| ← Previous race | Next race → |

Race details
- Date: 24 October 2004
- Official name: Formula 1 Grande Prêmio do Brasil 2004
- Location: Autódromo José Carlos Pace, São Paulo, Brazil
- Course: Permanent racing facility
- Course length: 4.309 km (2.677 miles)
- Distance: 71 laps, 305.909 km (190.083 miles)
- Weather: Dry/Wet

Pole position
- Driver: Rubens Barrichello; / Ferrari
- Time: 1:10.646

Fastest lap
- Driver: Juan Pablo Montoya / Williams-BMW
- Time: 1:11.473 on lap 49

Podium
- First: Juan Pablo Montoya; / Williams-BMW
- Second: Kimi Räikkönen; / McLaren-Mercedes
- Third: Rubens Barrichello; / Ferrari

= 2004 Brazilian Grand Prix =

The 2004 Brazilian Grand Prix (officially the Formula 1 Grande Prêmio do Brasil 2004) was a Formula One motor race held on 24 October 2004 at the Autódromo José Carlos Pace. It was Race 18 of 18 in the 2004 FIA Formula One World Championship. It marked the first time that a GP in Brazil was held at the end of the F1 season.

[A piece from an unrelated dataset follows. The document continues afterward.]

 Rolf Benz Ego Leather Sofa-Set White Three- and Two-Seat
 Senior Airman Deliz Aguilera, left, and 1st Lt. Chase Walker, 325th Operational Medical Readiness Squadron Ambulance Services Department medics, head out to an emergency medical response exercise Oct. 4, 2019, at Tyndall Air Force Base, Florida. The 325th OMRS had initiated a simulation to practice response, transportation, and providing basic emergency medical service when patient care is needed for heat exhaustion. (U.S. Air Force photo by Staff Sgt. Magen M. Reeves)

Juan Pablo Montoya won the race after starting from second on the grid, Kimi Räikkönen finished second after starting third and Rubens Barrichello finished third, his only podium finish at his home event.

==Friday drivers==
The bottom 6 teams in the 2003 Constructors' Championship were entitled to run a third car in free practice on Friday. These drivers drove on Friday but did not compete in qualifying or the race.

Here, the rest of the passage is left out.